Le nom du traitement est également lié à son aspect « sanguinolent » – clairement temporaire – obtenu pendant la procédure, avec l’apparition de larges taches rouges sur le visage. Le lifting du vampire est une procédure de beauté de plus en plus populaire, surtout grâce à la publicité faite par certaines célébrités sur les réseaux sociaux. Parmi elles, Kim Kardashian, qui a publié sur Instagram en 2015 une photo d’elle-même immédiatement après avoir été soumise au PRP. Bien que le traitement mini-invasif soit considéré comme sûr, s’il est réalisé dans des centres non autorisés qui ne respectent pas les normes de sécurité de base, il y a des risques importants pour les clients, car il implique l’utilisation de sang et de dispositifs pour l’injecter.

Les cinq cas de positivité au virus du VIH, responsable du syndrome d’immunodéficience acquise (SIDA), ont été identifiés chez quatre clientes (et le partenaire d’une d’entre elles) d’un centre esthétique à Albuquerque, au Nouveau-Mexique, à la suite d’une enquête menée par le département de la santé du Nouveau-Mexique (NMDOH) en collaboration avec les Centers for Disease Control and Prevention (CDC) des États-Unis. Tout a commencé en 2018, lorsque une femme a été testée positive au virus du VIH malgré l’absence de communiqués sexuels en dehors de sa relation stable, l’absence de consommation de drogue et l’absence de transfusions sanguines, toutes des situations qui peuvent augmenter le risque d’infection. En peu de temps, le centre susmentionné a été identifié, où la femme avait subi le lifting du vampire.

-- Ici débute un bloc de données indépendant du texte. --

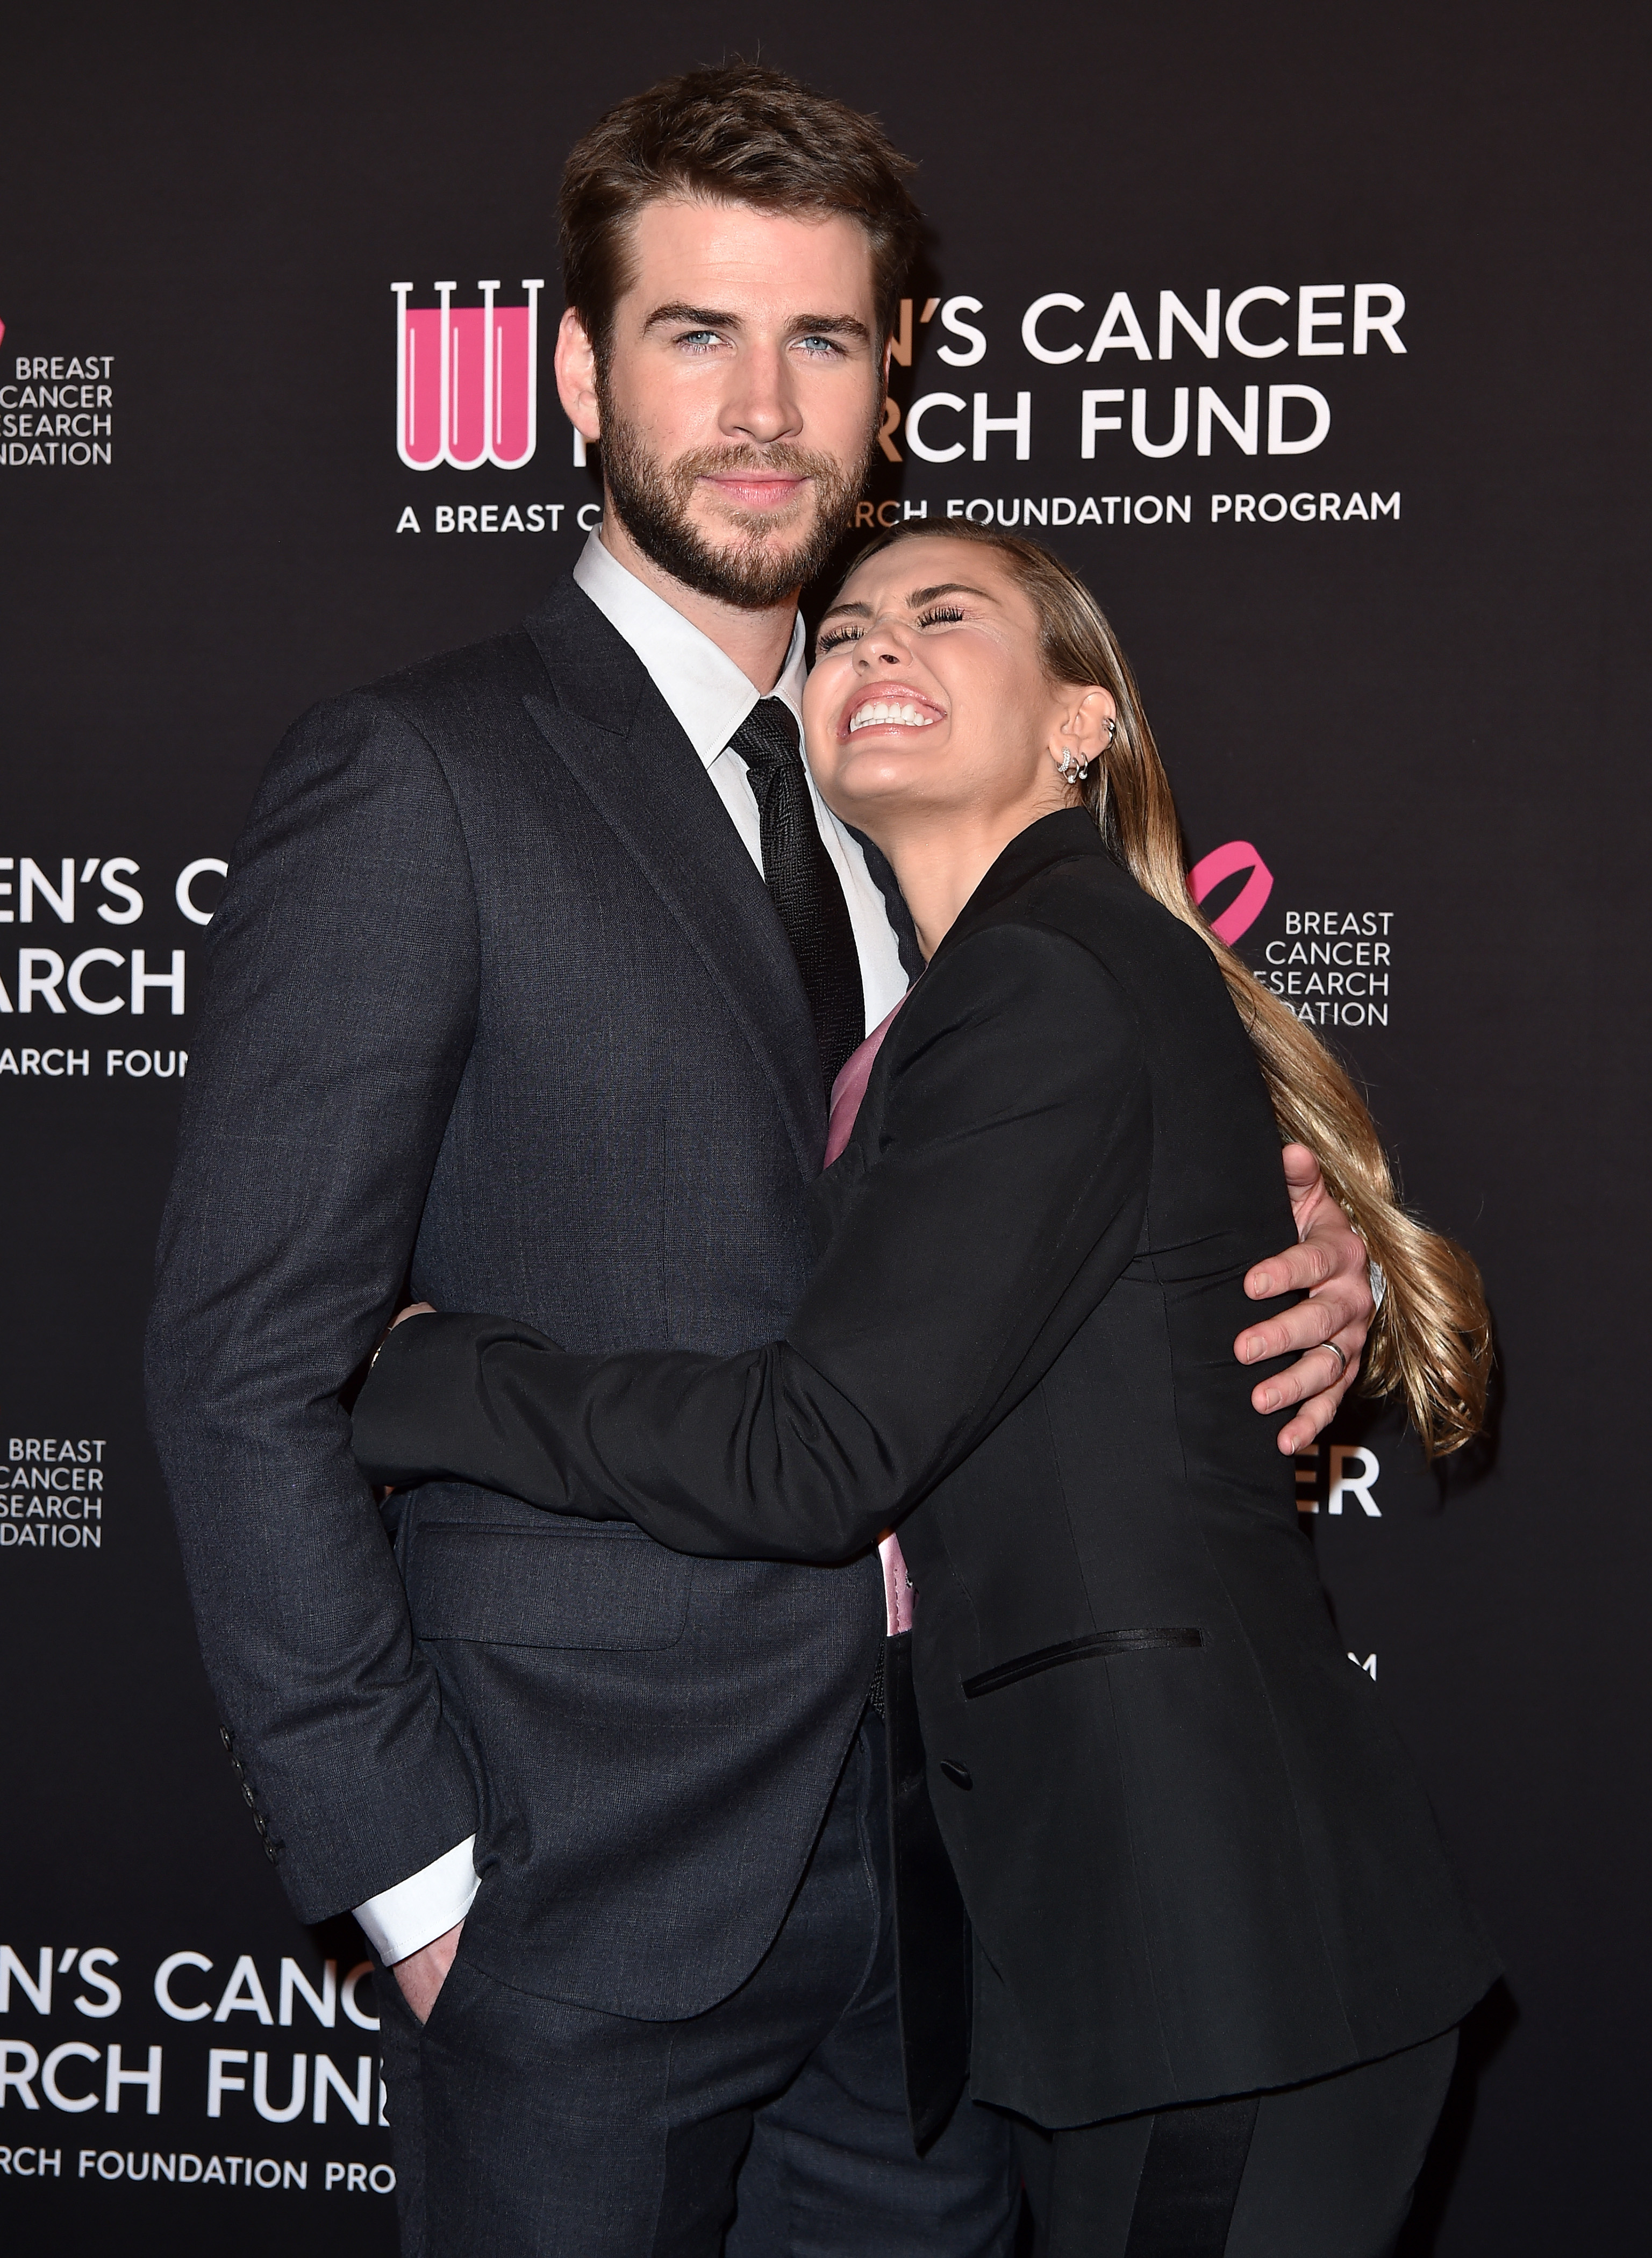 Liam Hemsworth in a suit hugging Miley Cyrus wearing a blazer at an event

Non seulement le local n’avait aucune autorisation médicale (licence) pour effectuer cette délicate procédure esthétique, mais les enquêtes ont révélé plusieurs violations des normes de sécurité les plus élémentaires. Entre autres, on a trouvé des tubes de sang non étiquetés conservés au réfrigérateur avec de la nourriture, des seringues utilisées et laissées dans des tiroirs et sur le comptoir, ainsi qu’un système de stérilisation à la vapeur nécessaire était absent. Comme si cela ne suffisait pas, l’activité – qui a été fermée et sa propriétaire incarcérée – n’avait même pas un registre complet des clients, ce qui a nécessité plusieurs années pour contacter au moins une partie (environ 200) des clients, les informer du risque de VIH et effectuer des contrôles adaptés.

Au cours de l’enquête menée entre 2018 et 2023, comme indiqué, cinq personnes ont été testées positives, quatre femmes qui avaient subi le lifting du vampire et un homme, le partenaire de l’une des quatre personnes testées positives. « L’analyse de la séquence nucléotidique a révélé des souches de VIH très similaires dans tous les cas », ont expliqué les CDC dans un communiqué. Une des clientes, trois ans après avoir reçu ce traitement, a été admise à l’hôpital avec les symptômes du SIDA. Avant cette histoire, aucun cas de VIH lié à des injections de sang pour une procédure esthétique n’était connu, il s’agit donc d’un précédent significatif lié aux risques de ces pratiques.

« Bien que la transmission du VIH par des pratiques d’injection non stériles soit un risque connu, il est important de déterminer de nouvelles voies de transmission du VIH entre des personnes sans facteurs de risque connus pour le VIH. Cette enquête a identifié un cluster de VIH associé à la réception de services d’injection cosmétique dans une structure non autorisée qui n’a pas suivi les procédures recommandées de contrôle des infections ou n’a pas conservé les registres des clients », ont conclu les CDC. Les détails du document « Investigation of Presumptive HIV Transmission Associated with Receipt of Platelet-Rich Plasma Microneedling Facials at a Spa Among Former Spa Clients — New Mexico, 2018–2023 » ont été publiés dans le Morbidity and Mortality Weekly Report (MMWR) de l’organisme américain.